8. Coming to the last argument of Mr. Kolah that retrospective effect cannot be given to the provision of section 22(4) because giving it such effect would involve violation of article 14 of the constitution, we are included to take the view that no violation of article 14 is involved as is contended by Mr. Kolah. Article 14 would be violated if persons similarly situated are treated differently. It is true that even a procedural law has to confirm to constitutional limitations and, therefore, if a procedural provision becomes discriminative because it treats persons similarly situated vision becomes discriminative because it treats persons similarly situated to confirm to constitutional limitations and, therefore, if a procedural provision becomes discriminative because it treats persons similarly situated differently, it will have to be regarded as affected by article 14 of the constitution, but the procedural provision, which, when it is effected, treats all persons to whom it becomes applicable since its introduction in the same manner, can in no way be discriminatory and it cannot have the vice of being discriminatory simply because persons, whose proceedings had already been completed before the change has been introduced, are not affected by the change.

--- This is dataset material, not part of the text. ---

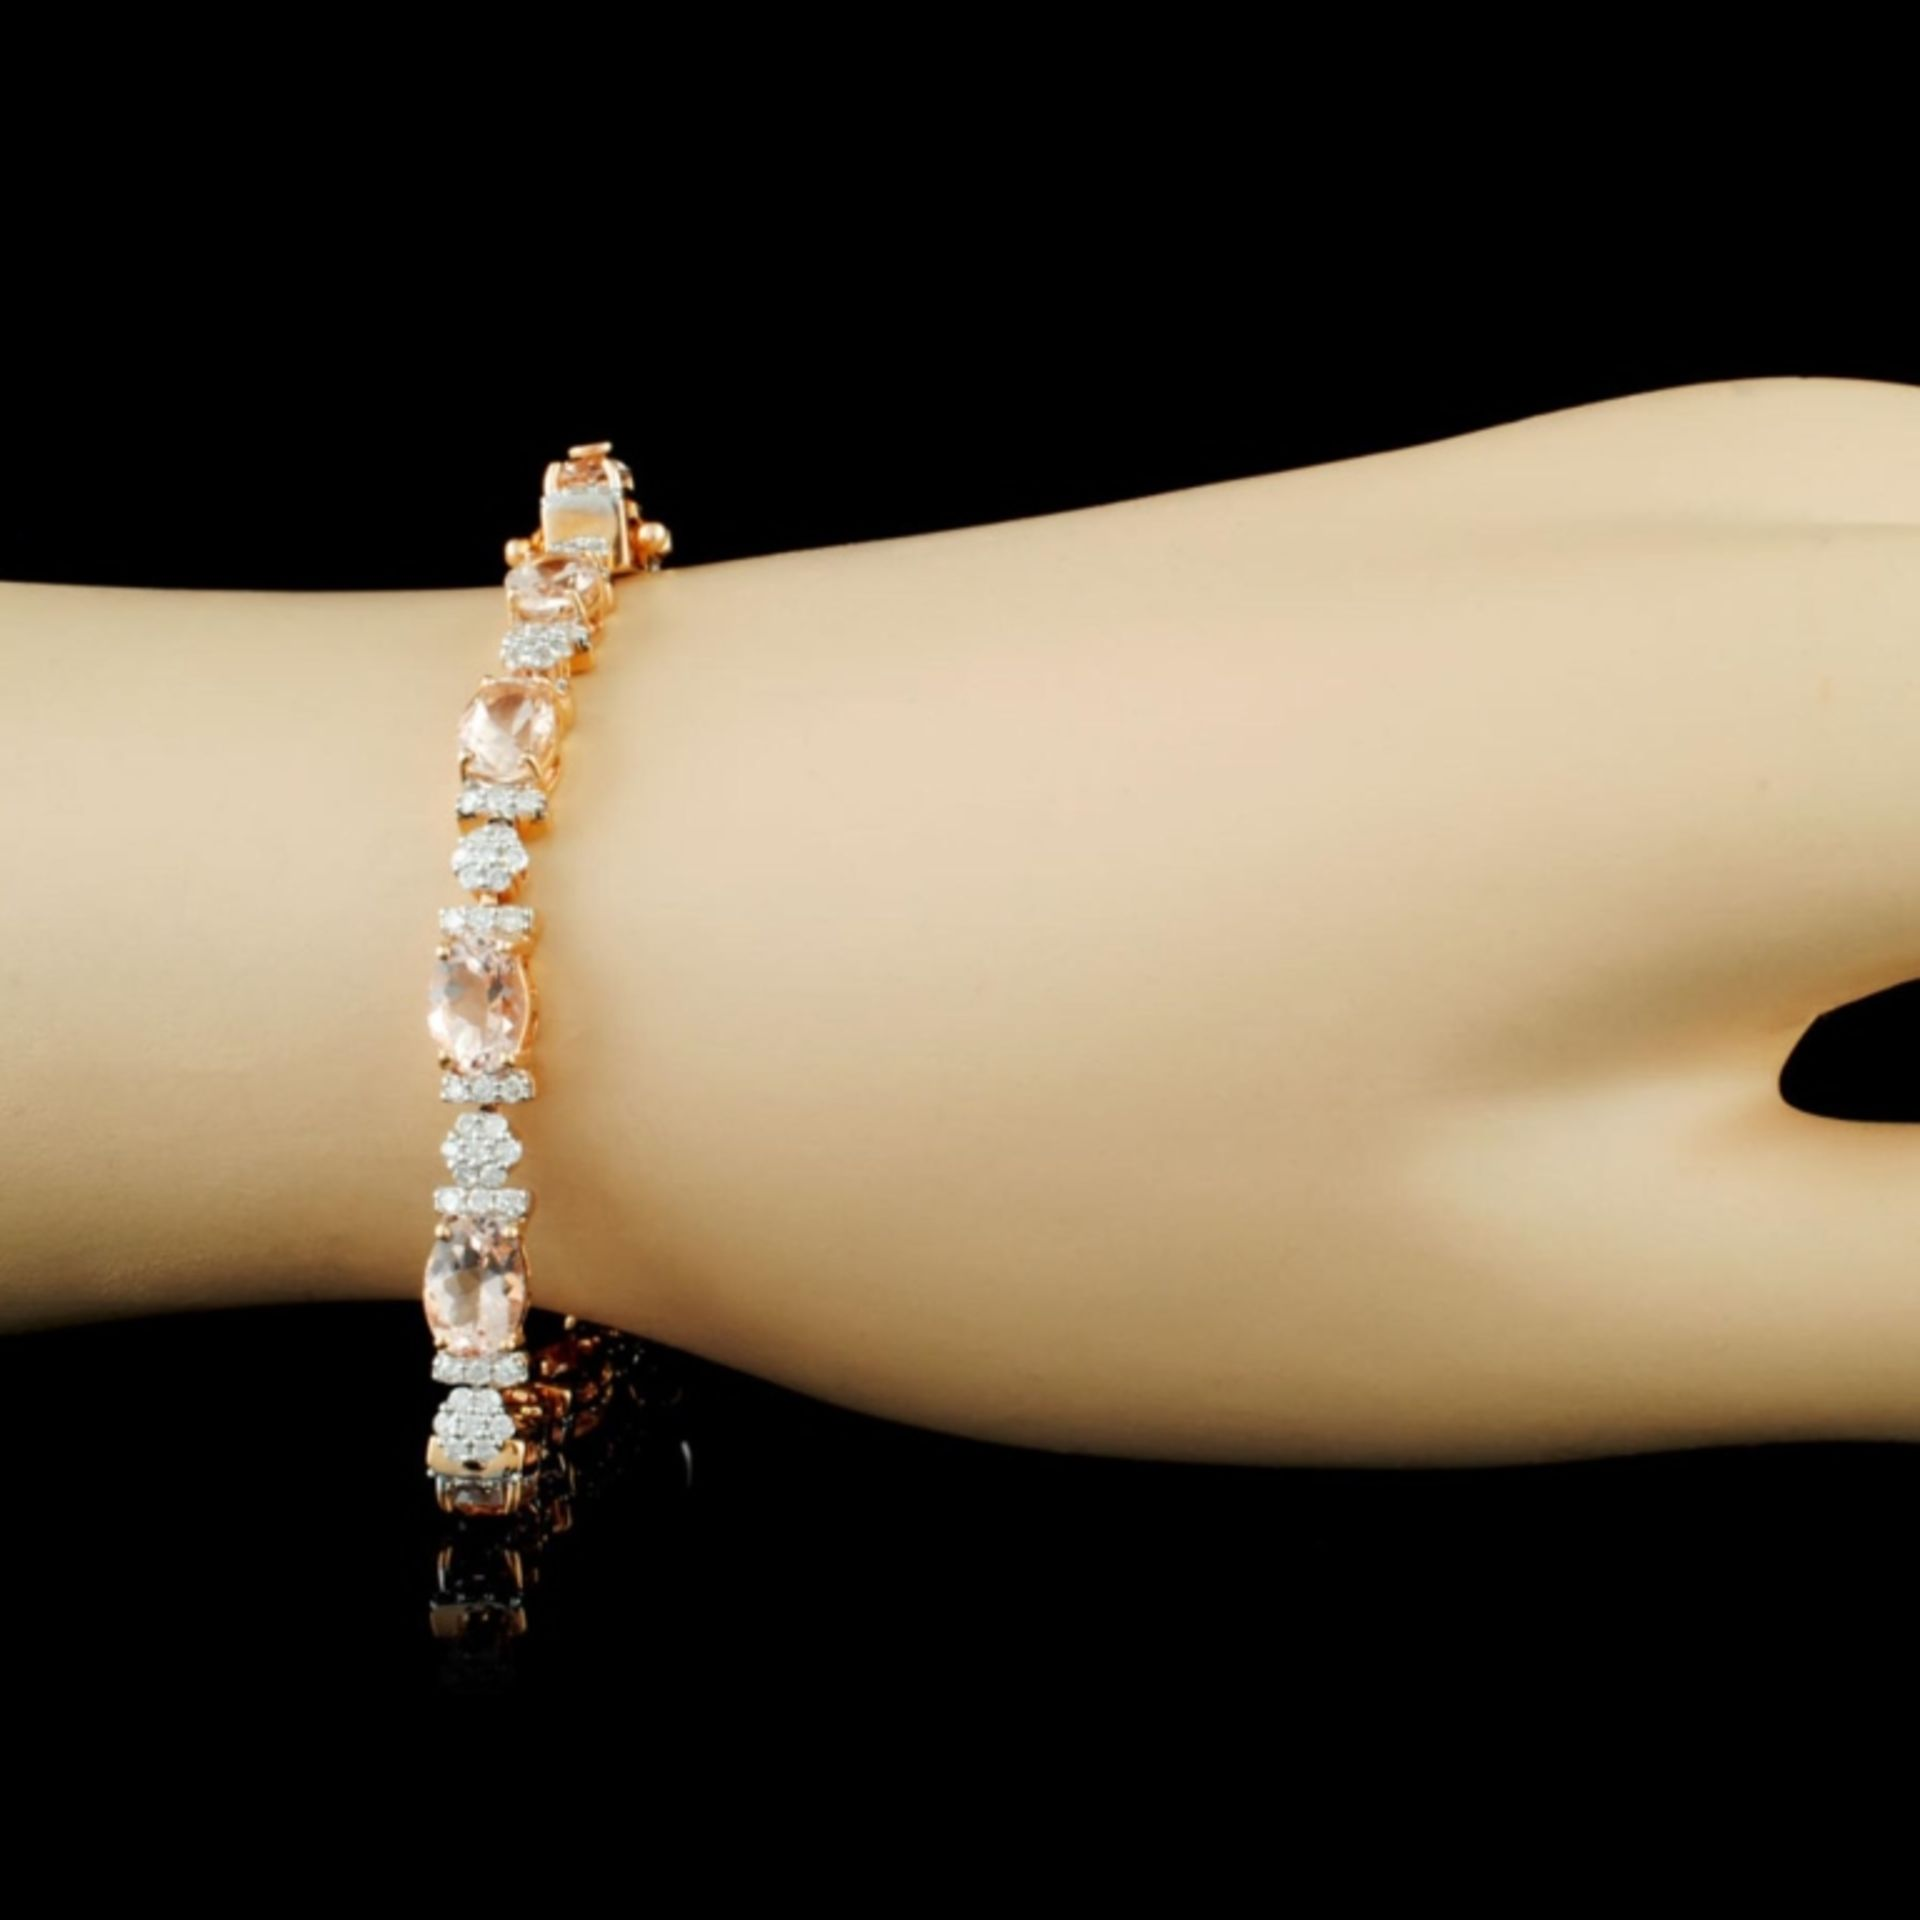 14K Gold 9.15ct Morganite & 1.50ctw Diamond Bracel - Image 3 of 4

Mr. Kolah's argument is that all persons, who are liable to pay tax for a given assessment year form a class of persons, who are similarly situated. If a change of procedure has been brought about at a time when it cannot uniformly be applied to all the persons belonging to this class, but will only affect such of them whose cases are pending and not closed, the procedural change would be discriminatory and, therefore, not capable of being effected.

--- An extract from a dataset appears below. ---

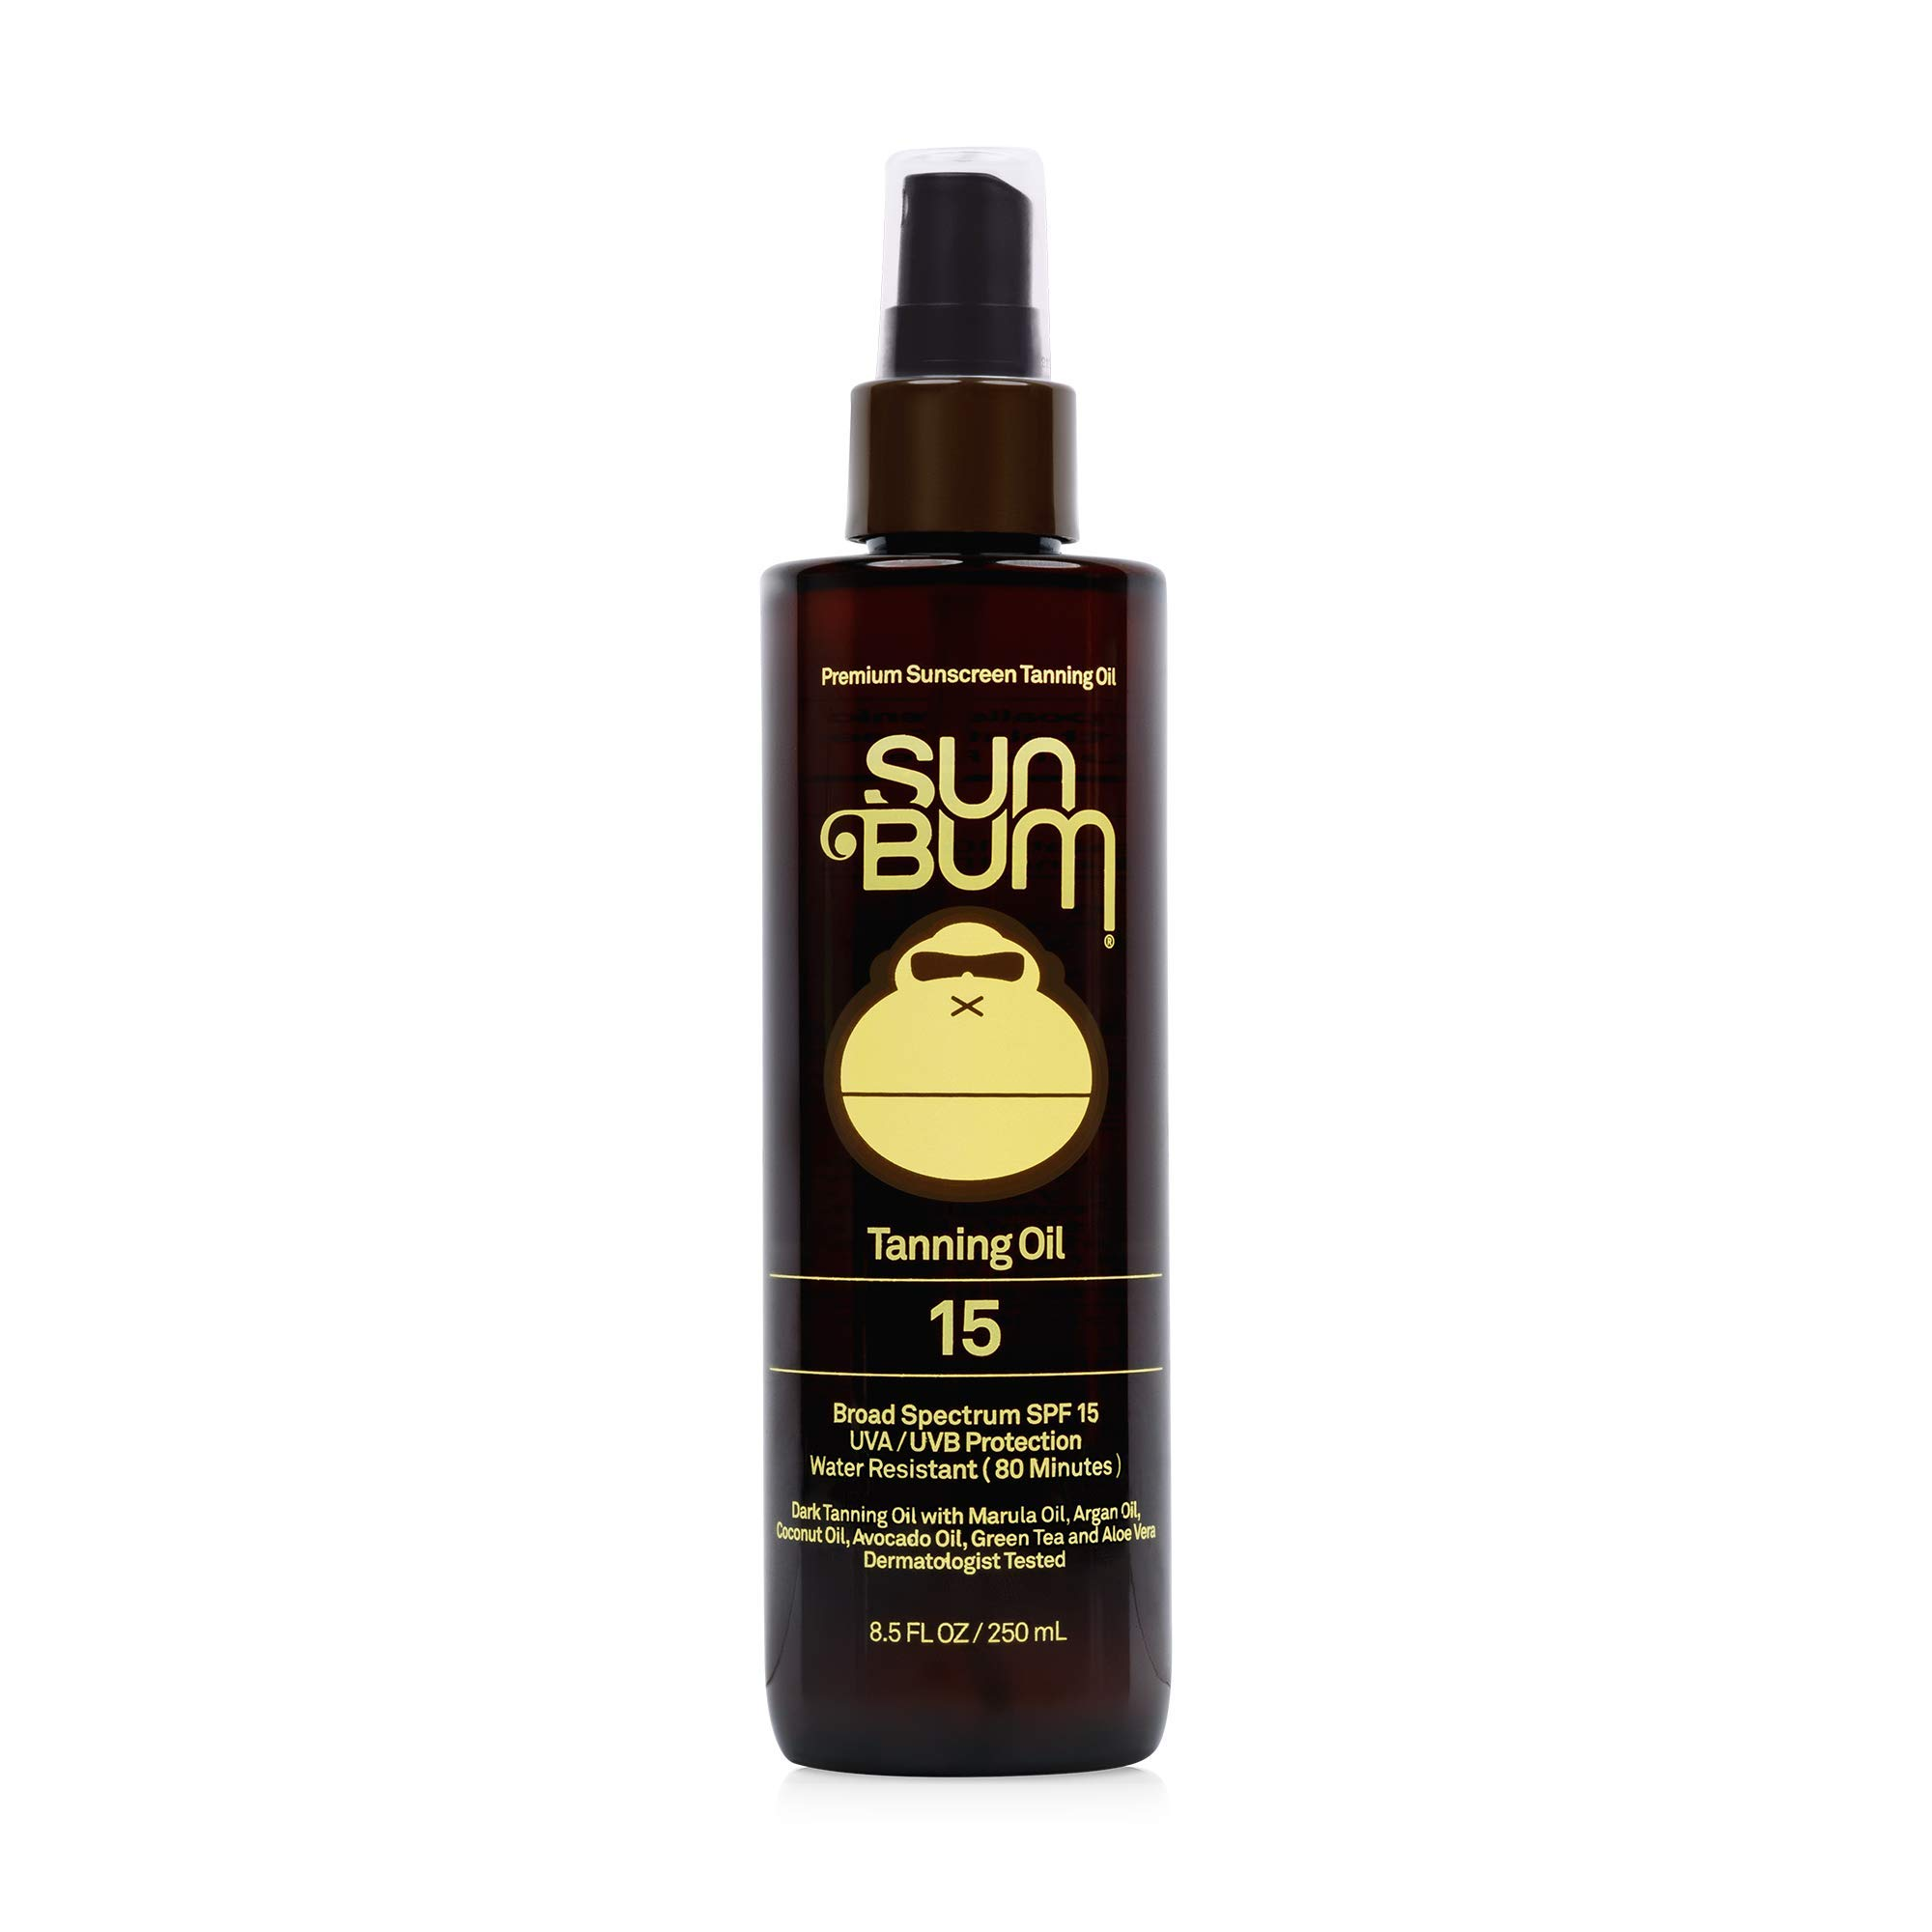 Sun Bum SPF 15 Moisturizing Tanning Oil | Broad Spectrum UVA/UVB Protection | Coconut Oil, Aloe Vera, Hypoallergenic, Paraben Free, Gluten Free, Vegan | 8.5 oz Bottle, 1 Count

9. We are not inclined to agree with this argument of Mr. Kolah. We may point out that nobody has, in the first place, a vested right in procedure. Secondly, the procedure which has to be applied is the procedure which exists at the time of the application. There is no discrimination if the procedure, when it becomes applicable, applies equally to all person's to whom it is capable of being applied. In the present case it is impossible to say that the change effected in section 22(4) by the amendment is capable of being applied differently to different persons form amongst those whose assessments were pending at the time when the change came on the statute. We are not inclined to agree with Mr.Kolah when he says that so far as the present provision with which we are concerned,the person, who were liable to pay tax for a given assessment year, are a class of persons similarly situated. In our opinion, the class of persons, who are similarly situated so far as the operation of section 22(4) is concrened, is of all those persons whose assessments had not been finished at the time when the amended provision when applied to this class of persons is not capable of treating them differently. The decision in Shree Meenakshi Mills Ltd v. Visvanatha Sastri, and M. Ct. Muthiah v. Commissioner of Income-tax, which have been referred to by Mr. Kolah, are clearly distinguishable. In Shree Meenakshi Mills Ltd. v. Visvanatha Sastri the provision of sub-section (1) of section 5 of the Taxation on Income (Investigation Commission) Act (XXX of 1947), which was held by the Supreme Court ad discriminatory under article 14 of the constitution, provided for a different treatment involving different consequences of some of the persons who belonged to the same class to which the provision of section 34 of the Income-tax Act applied. The same was also the ratio of the decision in other case, viz, M. Ct. Muthiah v. Commissioner of Income-tax. As we have already pointed out, in the present case befores, the provision being applicable to all cases, which are pending before the Income-tax Officer, will have no discriminatory effect in its application.

10. In the result, therefore, the view taken by the income-tax authorities and the Income-tax Appellate Tribunal is correct and the question, which has been referred to us on this reference, must be answered in the affirmative. We answer it accordingly. The assessee will pay the costs of the department.

11. Question answered in the affirmative.